Encoding: creating feature matrices#

Encoding or vectorizing creates numerical features from the data, converting dataframes, strings, dates… Different encoders are suited for different types of data.

Turning a dataframe into a numerical feature matrix#

A dataframe can comprise columns of all kind of types. A good numerical representation of these columns help analytics and statistical learning.

The TableVectorizer gives a turn-key solution by applying different data-specific encoder to the different columns. It makes heuristic choices that are not necessarily optimal but is typically a very good baseline.

Encoding open-ended entries and dirty categories#

String columns can be seen categories for statistical analysis, but standard tools to represent categories fail if these strings are not normalized into a small number of well-identified form, if they have typos, or if there are too many categories.

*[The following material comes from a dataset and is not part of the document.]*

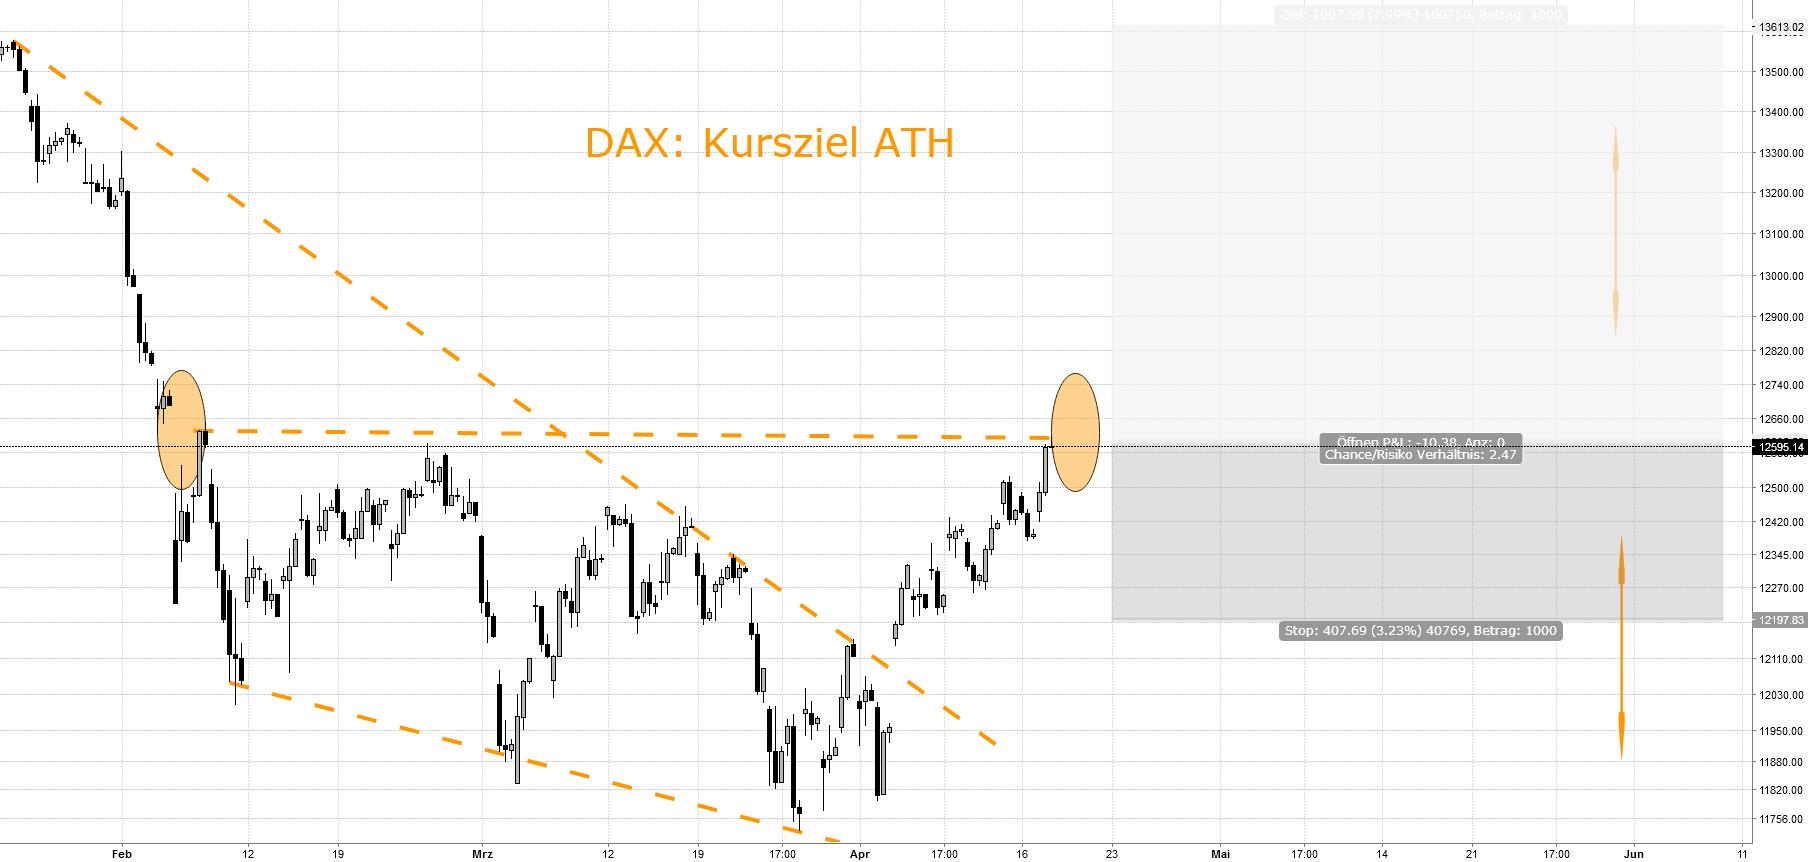 DAX: Kurziel kurzfristig neues ATH

Skrub provides encoders that represent well open-ended strings or dirty categories, eg to replace OneHotEncoder:

  • GapEncoder: infers latent categories and represent the data on these. Very interpretable, sometimes slow

  • MinHashEncoder: a very scalable encoding of strings capturing their similarities. Particularly useful on large databases and well suited for learners such as trees (boosted trees or random forests)

  • SimilarityEncoder: a simple encoder that works by representing strings similarities with all the different categories in the data. Useful when there are a small number of categories, but we still want to capture the links between them (eg: “west”, “north”, “north-west”)

Encoding dates#

The DatetimeEncoder encodes date and time: it represent them as time in seconds since a fixed date, but also added features useful to capture regularities: week of the day, month of the year…